Portuguese engineer and architect

Carlos Luís Ferreira da Cruz Amarante (30 October 1748 – 22 January 1815) was a Portuguese military engineer and architect. He played a key role in the transition from Baroque and Rococo styles to Neoclassicism in Portugal.

Largely self-taught, he began his career in Braga, where he designed religious and civic buildings that balanced traditional ornamentation with emerging neoclassical influences. His most notable work is the church at the Sanctuary of Bom Jesus do Monte, a landmark of late 18th-century Portuguese architecture. Later in his career, he fully embraced Neoclassicism in Porto, designing churches and infrastructure projects, including the city's first permanent bridge over the Douro River.
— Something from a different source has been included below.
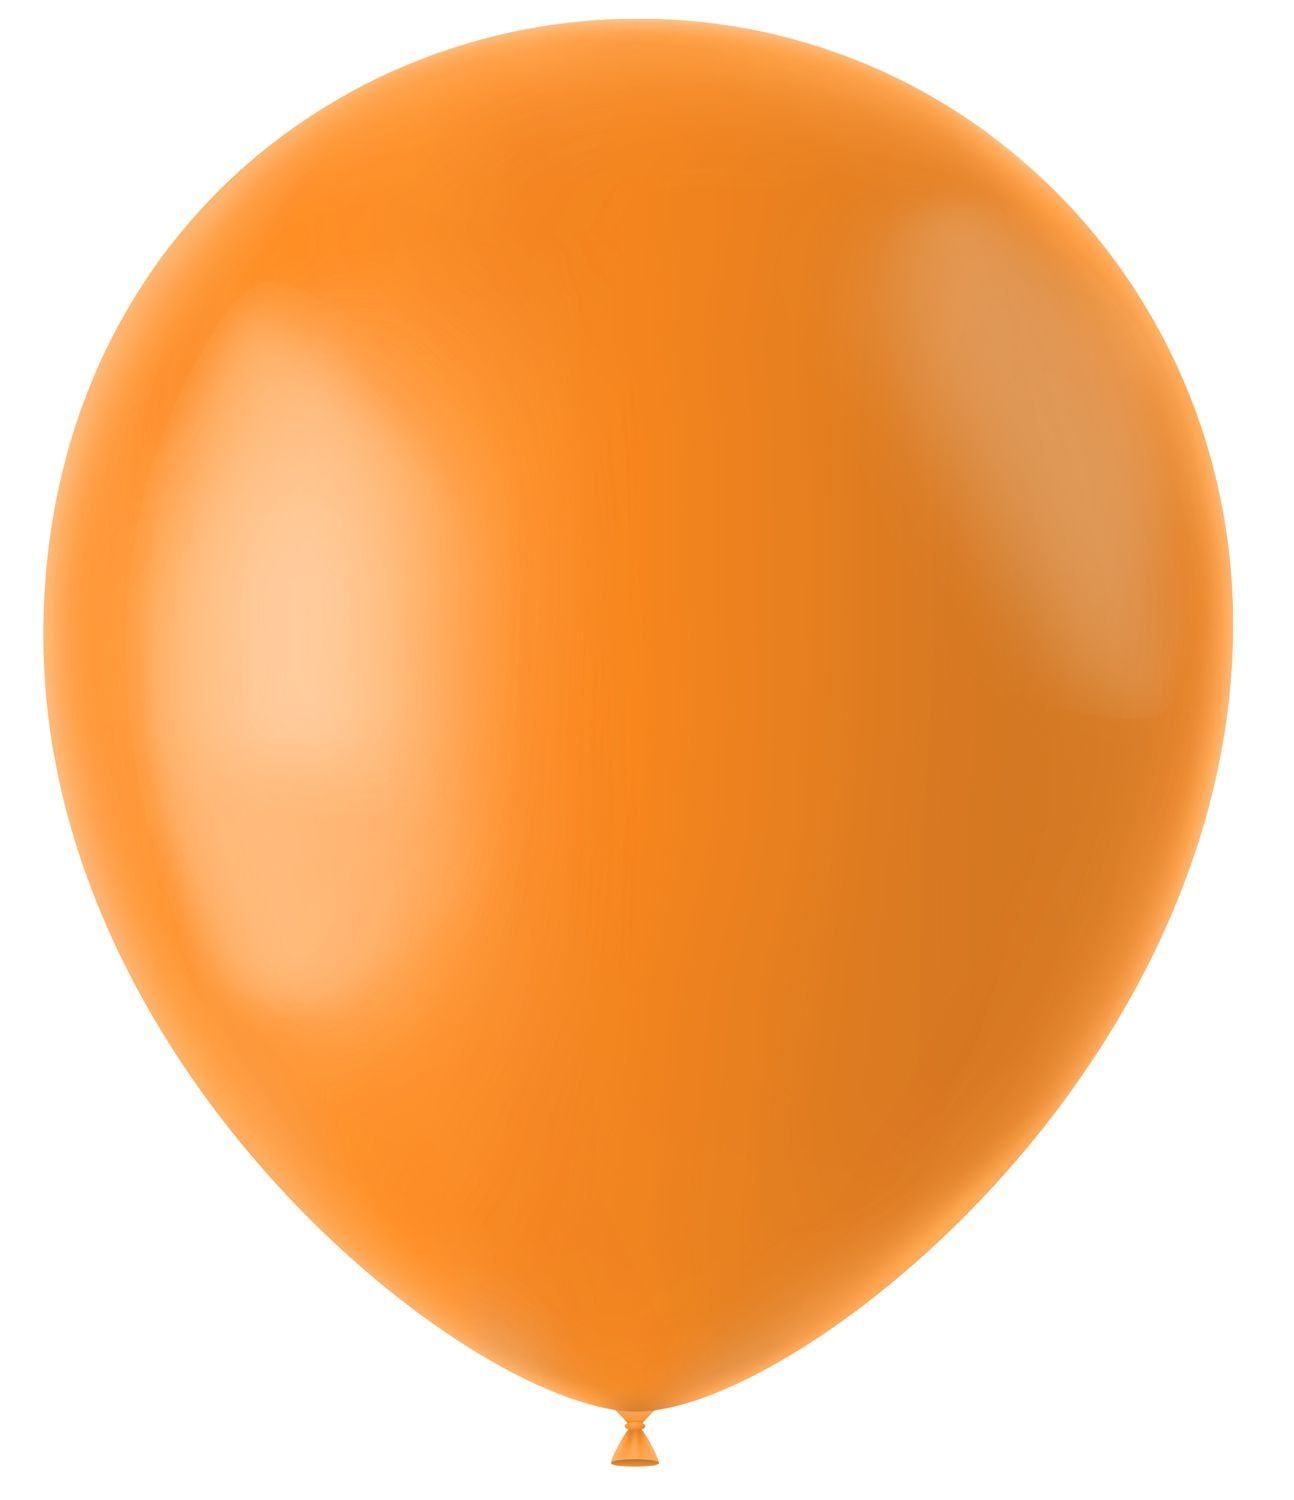 Oranje ballonnen matte kleur

== Early life and education ==
Amarante was born in Braga, Portugal, to Manuel Ferreira da Cruz Amarante, a musician in the court of the Archbishops of Braga, and Maria Josefa Rosa de Almeida. At the age of 17, he entered the seminary but soon abandoned his religious studies due to a lack of vocation. He then turned to illustrating religious books and teaching music.
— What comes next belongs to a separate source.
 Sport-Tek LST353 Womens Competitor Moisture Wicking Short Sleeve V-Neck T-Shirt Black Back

Some of his work from this era include the frontispiece of the book Estatutos de Nossa Senhora da Torre in 1765 and the organ design for the St Vincent's Church in 1769, both featuring asymmetrical Rococo motifs.

In 1771, he married Luísa Clara Xavier, with whom he had four children. Two years later, in 1773, he was appointed Inspector of Public Works in Braga. In 1783, he became the chamberlain to Archbishop Gaspar de Bragança, which allowed him access to the archbishop's library, where he acquired architectural knowledge as a self-taught student.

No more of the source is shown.